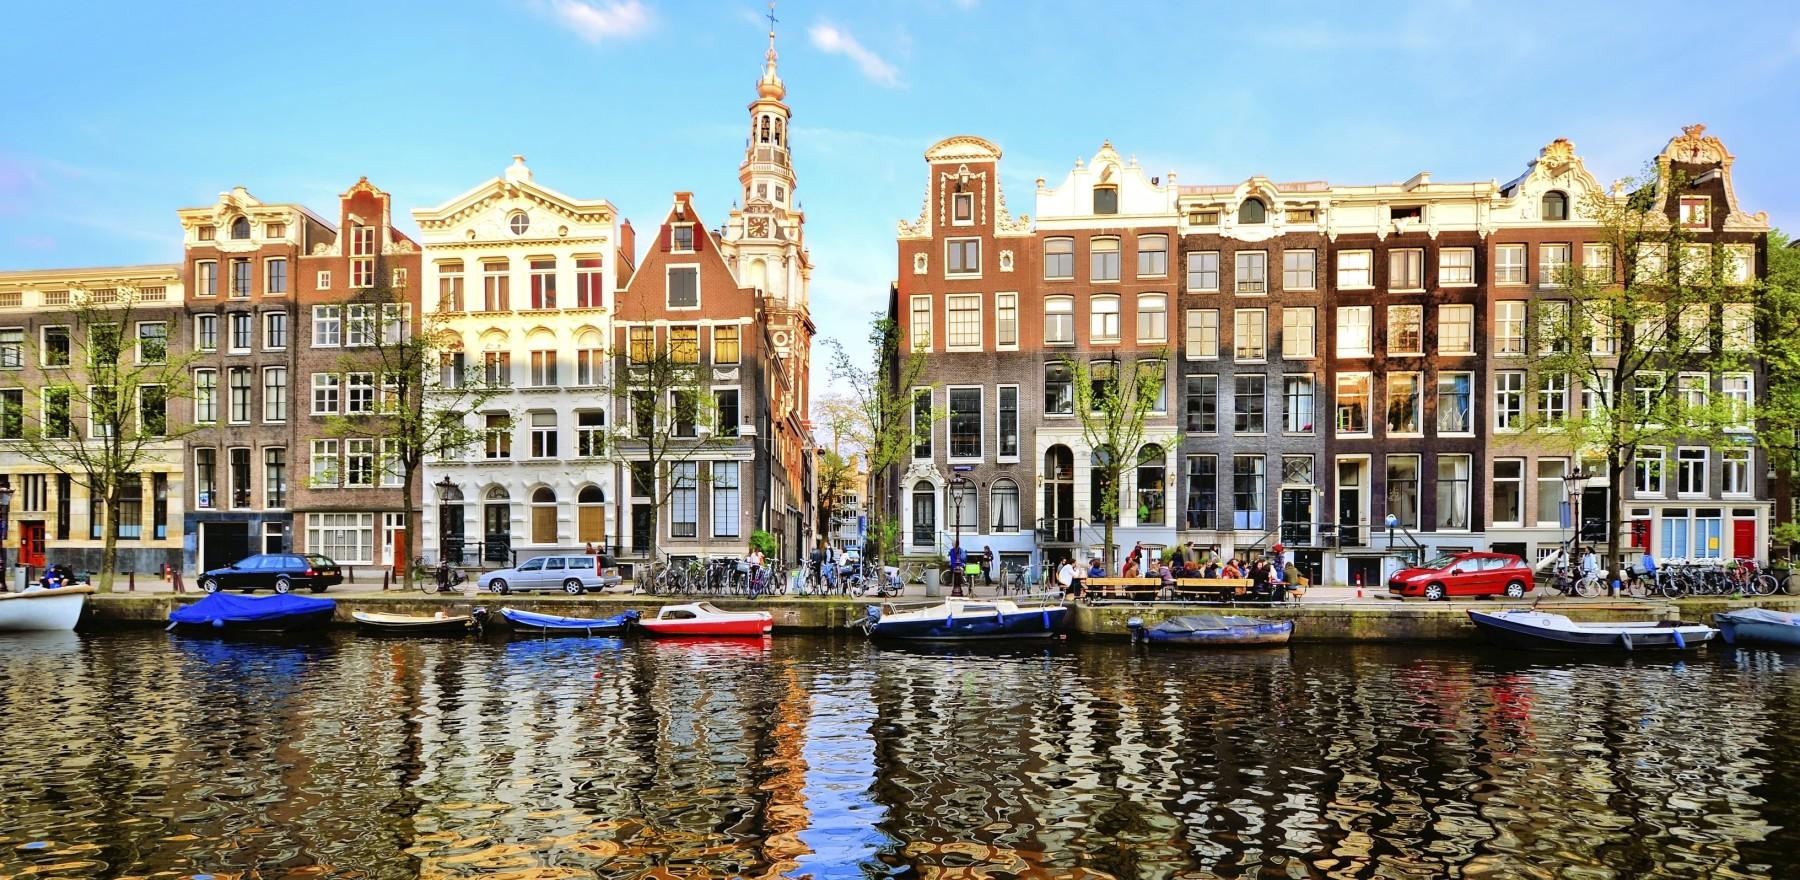 http://temareiser.no/wp-content/uploads/2015/05/Amsterdam-e1435053011300.jpg
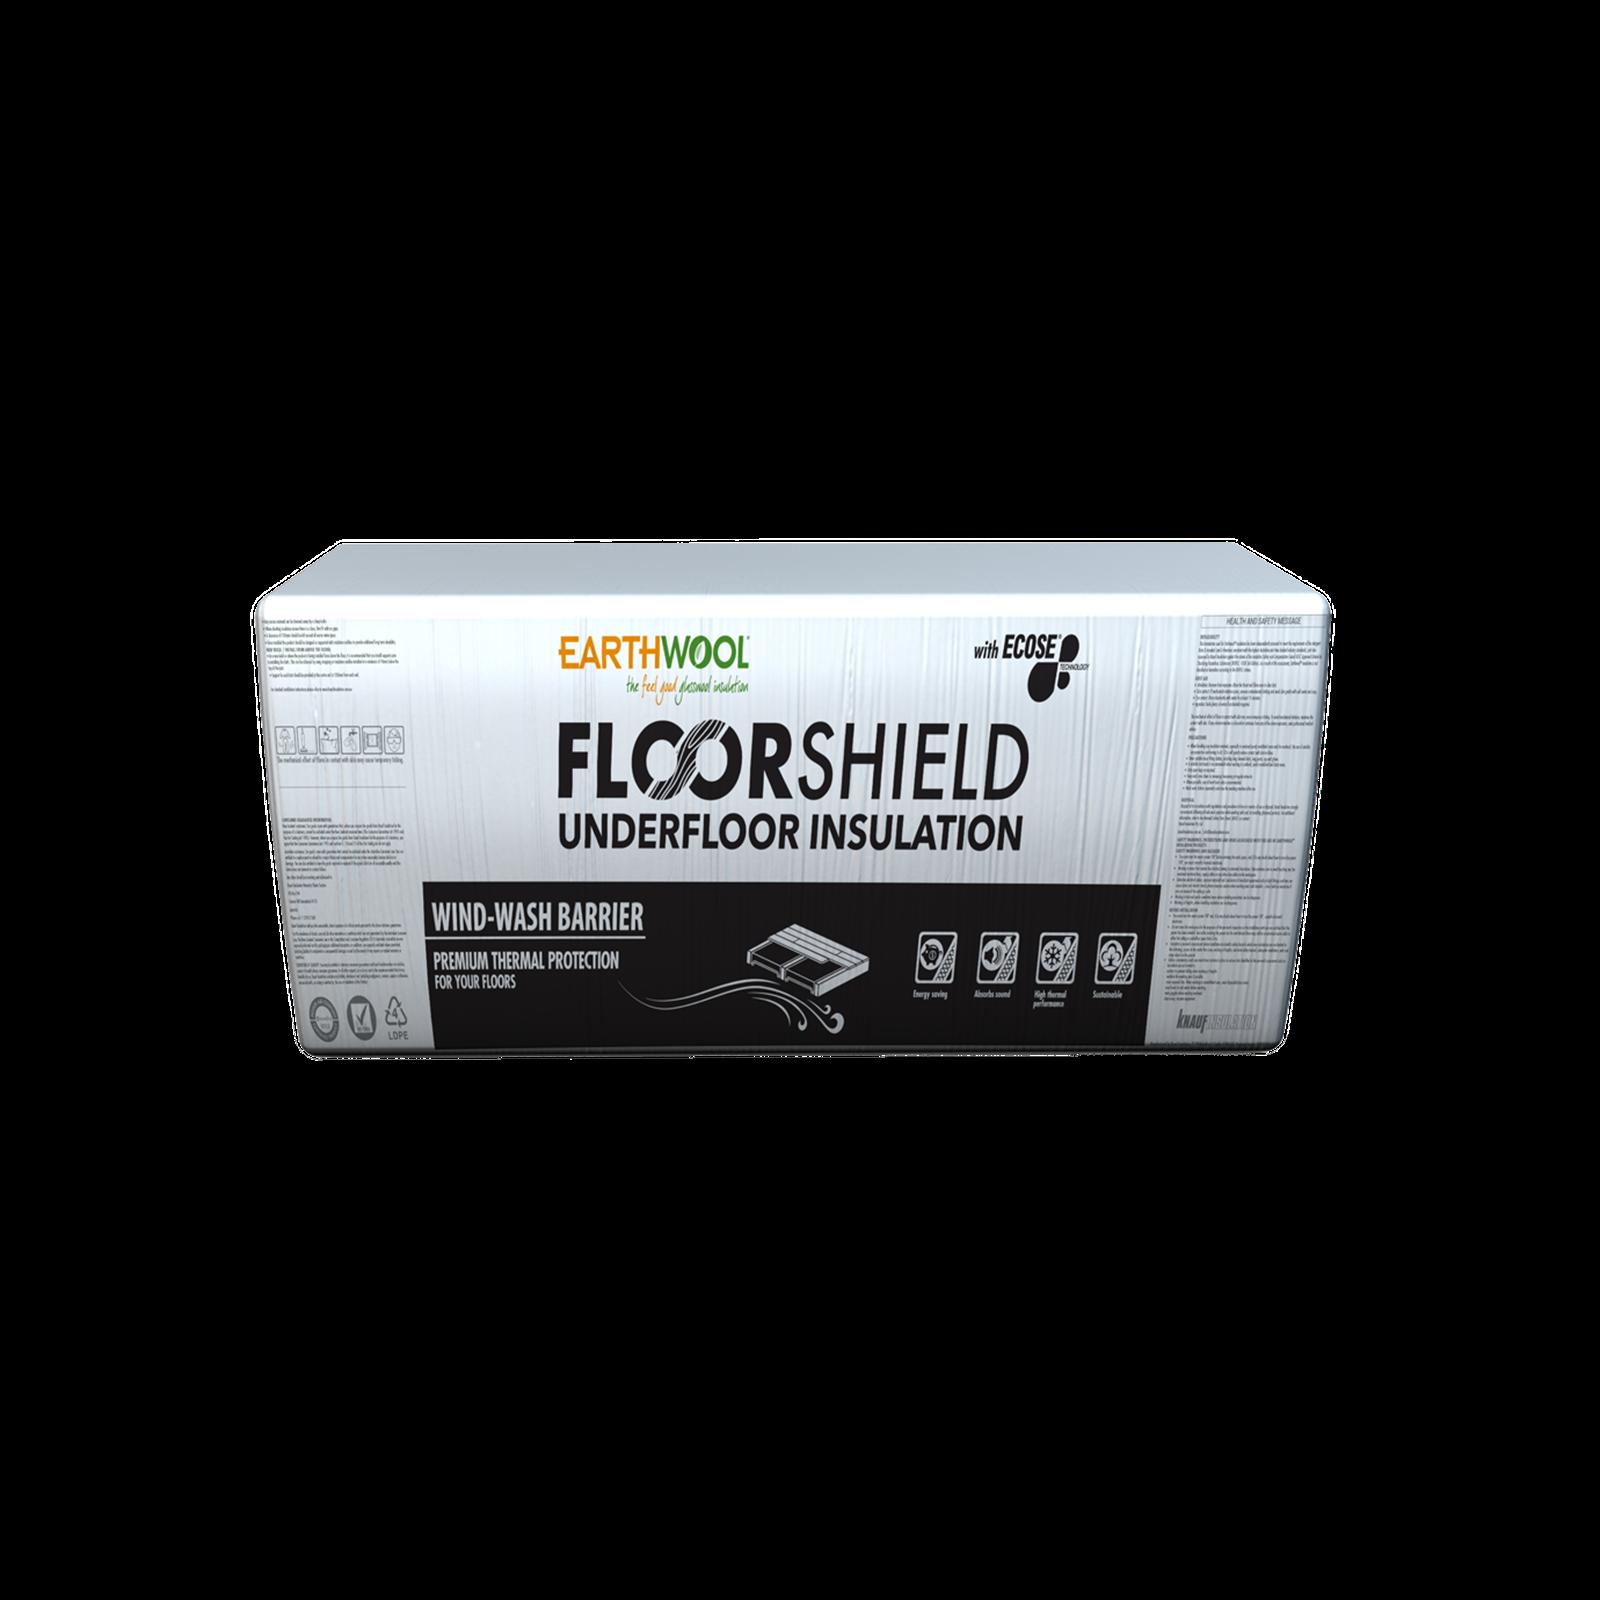 Earthwool R2.5 90mm x 420mm x 1160mm 2.92m² Insulation FloorShield Underfloor Batt - Pack of 6
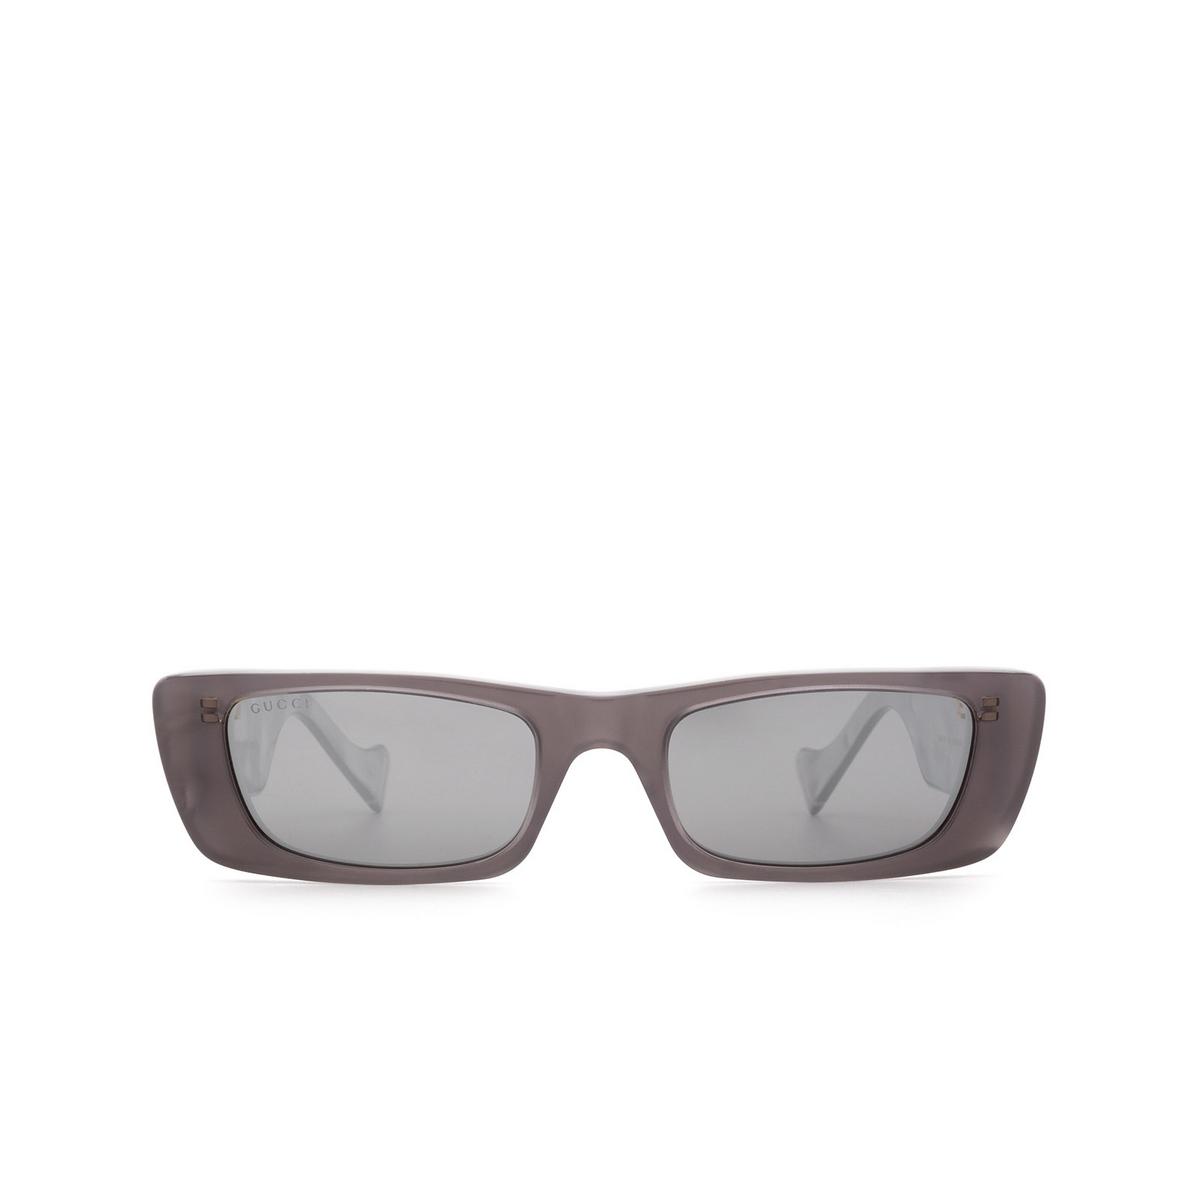 Gucci® Rectangle Sunglasses: GG0516S color Grey 002.

***

> _WORK REQUIRED_
Return exactly the lines starting at the line with "Earthwool R2.5 90mm" and ending at the last line of the listing, both ends included; pictures are to be left out.

> _SOLUTION FOR THIS TASK_
 Earthwool R2.5 90mm x 420mm x 1160mm 2.92m² Insulation FloorShield Underfloor Batt - Pack of 6
 Gucci® Rectangle Sunglasses: GG0516S color Grey 002.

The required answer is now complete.